Вернемся теперь к вопросу о тюрьме. Тюрьма, чтобы внушать людям ужас, должна быть местом лишений и скорби. А между тем во Франции пятнадцать миллионов населения живут в своих домах хуже, чем заключенные в тюрьмах. Если бы, говорит поэт, селянин сознавал свое счастье, он был бы слишком счастлив… Это хорошо в эклоге. Крестьянин – это растущий на горах чертополох. Ни один палящий луч солнца не минует его, его пронизывает северный ветер и омывают дождевые потоки; он работает с раннего утра до позднего вечера. У него жив старик-отец, и он не в силах облегчить ему его старость. Его жена – красавица, а он может одеть ее только в лохмотья, у него куча голодных детей, требующих хлеба, а в доме не бывает часто и крошки. Узник, напротив, тепло одет, сыт и не должен зарабатывать себе на кусок хлеба. Он смеется, поет, играет, спит сколько угодно на своем соломенном тюфяке, и помимо всего является еще предметом общественного сострадания. Сердобольные души объединяются в специальные общества, чтобы смягчить его участь, и доводят свое рвение до того, что наказание превращают в награду. Красивые дамы кормят и поят его, угощают его белым хлебом и мясом. Этот человек, конечно, предпочтет нищенской вольной жизни в полях сытое и беззаботное рабство в тюрьме.
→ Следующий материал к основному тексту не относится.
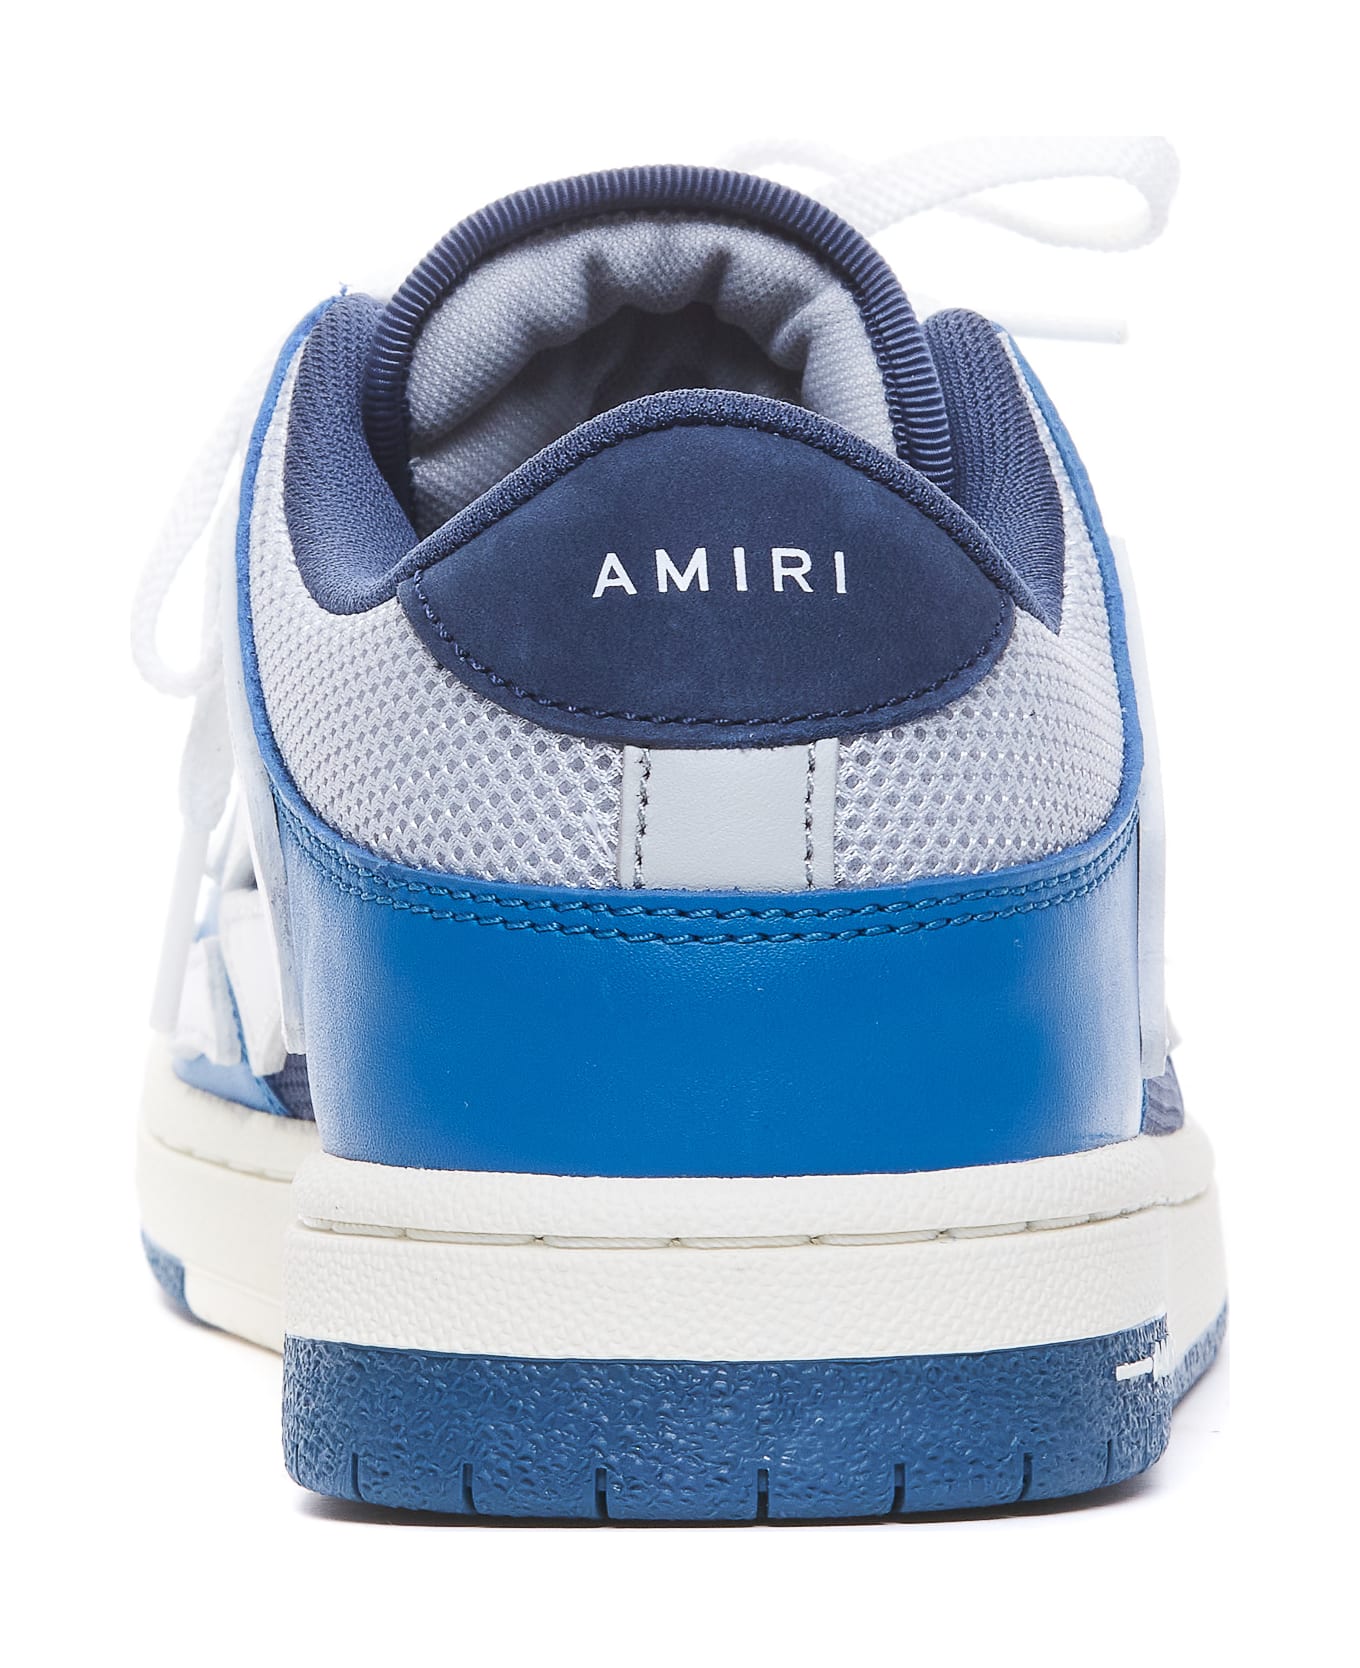 AMIRI Mesh Skel Top Sneakers - Blue

Тюрьма должна быть адом. Я хотел бы, чтобы она высилась на городской площади, мрачная, черная, как судейская мантия; чтобы ее решетчатые окна бросали зловещий взгляд на прохожих, чтобы из ее недр, вместо песен, доносился бы только звон цепей да лай меделянских псов; чтобы старец остерегался отдыхать возле ее стен, а ребенок не смел резвиться под их сенью, чтобы запоздалый прохожий, желая миновать ее, проходил бы окольным путем и спешил бы прочь от нее, как спешит он прочь от кладбища. И тогда наказание заключением будет таким, каким вы ждете от него.
Очень может быть, что мой дядя еще долго продолжал бы разглагольствовать, если бы этому не положило конец появление господина Менкси. Добряк, обливаясь потом, ловил воздух, как дельфин, выброшенный на берег, и был красен, как панталоны моего дяди.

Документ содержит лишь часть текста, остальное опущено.